Content starts
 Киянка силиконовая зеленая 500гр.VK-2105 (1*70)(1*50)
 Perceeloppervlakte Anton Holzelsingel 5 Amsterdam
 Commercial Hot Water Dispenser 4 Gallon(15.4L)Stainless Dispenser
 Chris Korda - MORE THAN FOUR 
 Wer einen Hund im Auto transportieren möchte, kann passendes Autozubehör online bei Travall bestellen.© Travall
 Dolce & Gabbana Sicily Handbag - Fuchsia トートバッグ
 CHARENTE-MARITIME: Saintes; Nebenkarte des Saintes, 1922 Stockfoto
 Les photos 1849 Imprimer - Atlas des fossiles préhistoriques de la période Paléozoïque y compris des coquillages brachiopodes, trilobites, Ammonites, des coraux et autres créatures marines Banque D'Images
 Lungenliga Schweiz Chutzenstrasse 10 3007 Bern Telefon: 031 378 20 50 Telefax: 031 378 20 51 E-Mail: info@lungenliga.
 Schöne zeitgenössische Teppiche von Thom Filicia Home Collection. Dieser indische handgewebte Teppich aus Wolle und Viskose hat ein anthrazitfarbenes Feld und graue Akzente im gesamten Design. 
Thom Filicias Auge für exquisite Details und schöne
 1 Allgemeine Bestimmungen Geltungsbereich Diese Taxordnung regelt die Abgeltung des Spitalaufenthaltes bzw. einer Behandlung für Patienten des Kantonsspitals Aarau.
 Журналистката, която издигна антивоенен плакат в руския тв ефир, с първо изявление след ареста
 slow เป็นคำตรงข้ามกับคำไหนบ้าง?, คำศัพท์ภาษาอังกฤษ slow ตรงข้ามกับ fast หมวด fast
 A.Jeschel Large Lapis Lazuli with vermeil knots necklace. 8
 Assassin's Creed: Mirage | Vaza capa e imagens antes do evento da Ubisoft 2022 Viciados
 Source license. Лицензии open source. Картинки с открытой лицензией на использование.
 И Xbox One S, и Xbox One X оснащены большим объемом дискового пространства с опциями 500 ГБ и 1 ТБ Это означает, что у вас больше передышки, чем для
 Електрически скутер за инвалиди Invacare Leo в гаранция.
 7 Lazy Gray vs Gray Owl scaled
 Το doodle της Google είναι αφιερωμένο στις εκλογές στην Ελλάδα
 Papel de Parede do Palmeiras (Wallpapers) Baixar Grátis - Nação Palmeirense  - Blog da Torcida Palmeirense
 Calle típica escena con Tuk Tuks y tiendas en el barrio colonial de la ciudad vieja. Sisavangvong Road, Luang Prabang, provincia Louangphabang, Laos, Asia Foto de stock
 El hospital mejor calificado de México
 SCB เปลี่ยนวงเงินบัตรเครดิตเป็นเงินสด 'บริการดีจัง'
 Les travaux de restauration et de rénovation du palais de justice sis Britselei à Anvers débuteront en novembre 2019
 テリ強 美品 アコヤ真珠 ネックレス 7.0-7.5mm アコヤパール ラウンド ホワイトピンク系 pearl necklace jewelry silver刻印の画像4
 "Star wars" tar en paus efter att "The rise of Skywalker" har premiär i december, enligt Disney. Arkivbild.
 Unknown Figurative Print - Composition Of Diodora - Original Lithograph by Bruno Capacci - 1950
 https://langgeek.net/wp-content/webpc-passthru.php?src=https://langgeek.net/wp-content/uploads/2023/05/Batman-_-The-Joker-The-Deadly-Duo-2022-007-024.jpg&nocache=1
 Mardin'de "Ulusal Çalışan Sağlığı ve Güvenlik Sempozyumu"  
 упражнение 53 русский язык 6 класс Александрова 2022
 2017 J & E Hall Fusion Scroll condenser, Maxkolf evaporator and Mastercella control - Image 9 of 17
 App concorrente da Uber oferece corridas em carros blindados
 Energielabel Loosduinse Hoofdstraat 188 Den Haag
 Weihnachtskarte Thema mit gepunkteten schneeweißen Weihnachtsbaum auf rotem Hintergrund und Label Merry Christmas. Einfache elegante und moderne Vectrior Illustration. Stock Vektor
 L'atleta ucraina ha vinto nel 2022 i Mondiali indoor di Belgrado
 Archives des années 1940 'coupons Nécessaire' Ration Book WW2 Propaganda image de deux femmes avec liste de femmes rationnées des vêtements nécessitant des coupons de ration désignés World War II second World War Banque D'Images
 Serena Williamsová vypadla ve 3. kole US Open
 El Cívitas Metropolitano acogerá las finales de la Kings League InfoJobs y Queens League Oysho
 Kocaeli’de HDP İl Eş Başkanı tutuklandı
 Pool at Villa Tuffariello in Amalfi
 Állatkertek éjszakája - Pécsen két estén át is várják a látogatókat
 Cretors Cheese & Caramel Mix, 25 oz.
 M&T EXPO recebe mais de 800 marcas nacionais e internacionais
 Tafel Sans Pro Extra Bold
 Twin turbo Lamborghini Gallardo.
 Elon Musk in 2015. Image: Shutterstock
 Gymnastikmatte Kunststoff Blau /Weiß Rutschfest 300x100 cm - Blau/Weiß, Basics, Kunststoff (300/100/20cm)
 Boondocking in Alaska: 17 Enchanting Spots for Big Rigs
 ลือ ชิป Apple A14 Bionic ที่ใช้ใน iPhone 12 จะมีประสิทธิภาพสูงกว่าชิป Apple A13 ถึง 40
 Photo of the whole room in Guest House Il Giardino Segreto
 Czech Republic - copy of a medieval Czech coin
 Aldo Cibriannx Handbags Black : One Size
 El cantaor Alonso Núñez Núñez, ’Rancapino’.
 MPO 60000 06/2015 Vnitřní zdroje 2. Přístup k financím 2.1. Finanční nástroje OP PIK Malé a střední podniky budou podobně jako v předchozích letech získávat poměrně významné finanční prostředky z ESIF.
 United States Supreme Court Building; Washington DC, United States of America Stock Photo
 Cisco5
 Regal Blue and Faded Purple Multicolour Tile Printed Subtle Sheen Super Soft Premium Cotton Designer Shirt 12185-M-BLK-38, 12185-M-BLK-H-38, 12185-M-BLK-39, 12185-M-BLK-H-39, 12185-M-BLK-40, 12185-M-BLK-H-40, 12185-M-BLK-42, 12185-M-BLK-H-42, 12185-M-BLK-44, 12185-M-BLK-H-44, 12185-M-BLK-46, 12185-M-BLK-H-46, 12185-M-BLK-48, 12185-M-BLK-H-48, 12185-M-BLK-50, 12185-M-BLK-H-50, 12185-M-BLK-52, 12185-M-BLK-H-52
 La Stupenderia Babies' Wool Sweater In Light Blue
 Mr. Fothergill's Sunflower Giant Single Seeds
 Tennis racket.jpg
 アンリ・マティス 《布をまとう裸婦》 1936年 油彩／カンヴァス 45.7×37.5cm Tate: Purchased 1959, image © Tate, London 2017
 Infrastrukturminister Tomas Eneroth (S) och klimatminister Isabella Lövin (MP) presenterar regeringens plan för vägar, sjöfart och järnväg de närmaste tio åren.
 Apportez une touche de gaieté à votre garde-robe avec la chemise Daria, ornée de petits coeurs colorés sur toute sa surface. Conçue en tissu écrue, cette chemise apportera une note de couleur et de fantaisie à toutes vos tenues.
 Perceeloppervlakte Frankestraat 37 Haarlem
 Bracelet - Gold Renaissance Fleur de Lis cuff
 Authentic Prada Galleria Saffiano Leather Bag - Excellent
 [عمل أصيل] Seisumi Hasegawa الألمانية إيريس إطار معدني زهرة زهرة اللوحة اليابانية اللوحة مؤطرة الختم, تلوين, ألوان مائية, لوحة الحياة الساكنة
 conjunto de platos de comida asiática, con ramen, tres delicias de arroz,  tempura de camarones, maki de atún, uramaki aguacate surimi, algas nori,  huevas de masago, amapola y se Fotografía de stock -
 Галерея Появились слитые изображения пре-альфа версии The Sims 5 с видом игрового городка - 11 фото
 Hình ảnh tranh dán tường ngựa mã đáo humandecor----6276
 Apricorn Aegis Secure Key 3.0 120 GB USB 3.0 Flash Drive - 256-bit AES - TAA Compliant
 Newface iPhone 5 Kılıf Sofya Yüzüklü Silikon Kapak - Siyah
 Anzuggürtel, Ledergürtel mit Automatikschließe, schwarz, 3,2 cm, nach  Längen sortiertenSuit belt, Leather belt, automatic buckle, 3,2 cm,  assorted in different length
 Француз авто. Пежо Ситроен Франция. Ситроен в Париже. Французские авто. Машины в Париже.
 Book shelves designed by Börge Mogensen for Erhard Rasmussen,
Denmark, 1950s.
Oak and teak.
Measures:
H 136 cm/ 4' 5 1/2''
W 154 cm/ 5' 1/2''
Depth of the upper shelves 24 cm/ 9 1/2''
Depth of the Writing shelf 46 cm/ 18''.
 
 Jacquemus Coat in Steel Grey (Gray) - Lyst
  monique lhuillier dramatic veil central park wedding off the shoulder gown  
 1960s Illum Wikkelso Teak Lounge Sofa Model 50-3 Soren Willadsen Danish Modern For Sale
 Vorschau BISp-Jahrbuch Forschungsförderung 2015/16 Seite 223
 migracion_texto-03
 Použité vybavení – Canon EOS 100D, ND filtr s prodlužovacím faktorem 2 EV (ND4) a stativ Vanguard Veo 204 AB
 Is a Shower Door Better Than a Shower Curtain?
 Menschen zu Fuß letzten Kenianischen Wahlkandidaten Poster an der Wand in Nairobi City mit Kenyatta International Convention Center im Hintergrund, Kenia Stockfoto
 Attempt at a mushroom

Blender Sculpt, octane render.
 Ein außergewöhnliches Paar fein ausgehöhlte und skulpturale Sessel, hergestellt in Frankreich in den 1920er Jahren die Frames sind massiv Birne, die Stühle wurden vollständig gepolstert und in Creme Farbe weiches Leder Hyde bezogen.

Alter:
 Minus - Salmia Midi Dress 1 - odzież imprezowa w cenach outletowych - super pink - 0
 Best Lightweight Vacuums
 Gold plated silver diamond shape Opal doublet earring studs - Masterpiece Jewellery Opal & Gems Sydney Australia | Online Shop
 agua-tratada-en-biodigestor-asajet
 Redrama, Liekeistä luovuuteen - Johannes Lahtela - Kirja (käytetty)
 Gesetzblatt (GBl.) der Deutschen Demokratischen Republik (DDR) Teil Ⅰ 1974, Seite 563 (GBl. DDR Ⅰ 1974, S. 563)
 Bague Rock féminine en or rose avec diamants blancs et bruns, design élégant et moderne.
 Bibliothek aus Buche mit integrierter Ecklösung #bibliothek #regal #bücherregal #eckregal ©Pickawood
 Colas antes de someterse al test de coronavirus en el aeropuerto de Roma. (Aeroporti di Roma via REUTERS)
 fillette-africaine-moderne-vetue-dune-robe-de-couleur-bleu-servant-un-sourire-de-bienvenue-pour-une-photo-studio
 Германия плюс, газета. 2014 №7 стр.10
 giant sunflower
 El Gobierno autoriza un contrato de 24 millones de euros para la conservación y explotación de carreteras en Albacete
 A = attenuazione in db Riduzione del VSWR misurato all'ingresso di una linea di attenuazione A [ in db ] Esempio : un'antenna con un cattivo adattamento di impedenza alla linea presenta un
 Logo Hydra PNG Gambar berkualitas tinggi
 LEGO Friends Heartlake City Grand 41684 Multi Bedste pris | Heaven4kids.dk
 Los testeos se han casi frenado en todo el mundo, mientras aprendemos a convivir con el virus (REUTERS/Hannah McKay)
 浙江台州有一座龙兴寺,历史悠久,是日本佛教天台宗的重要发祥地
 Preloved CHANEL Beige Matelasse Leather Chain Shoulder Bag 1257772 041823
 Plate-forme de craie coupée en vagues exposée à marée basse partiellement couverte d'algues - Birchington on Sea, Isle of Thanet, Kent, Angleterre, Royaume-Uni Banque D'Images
Content ends
■ **EXERCISE REQUIREMENTS**
Beginning at the line above with "Czech Republic - copy" and finishing at the line with "MPO 60000 06/2015", return each line exactly and return nothing else.

■ **REPLY**
 Czech Republic - copy of a medieval Czech coin
 Aldo Cibriannx Handbags Black : One Size
 El cantaor Alonso Núñez Núñez, ’Rancapino’.
 MPO 60000 06/2015 Vnitřní zdroje 2. Přístup k financím 2.1. Finanční nástroje OP PIK Malé a střední podniky budou podobně jako v předchozích letech získávat poměrně významné finanční prostředky z ESIF.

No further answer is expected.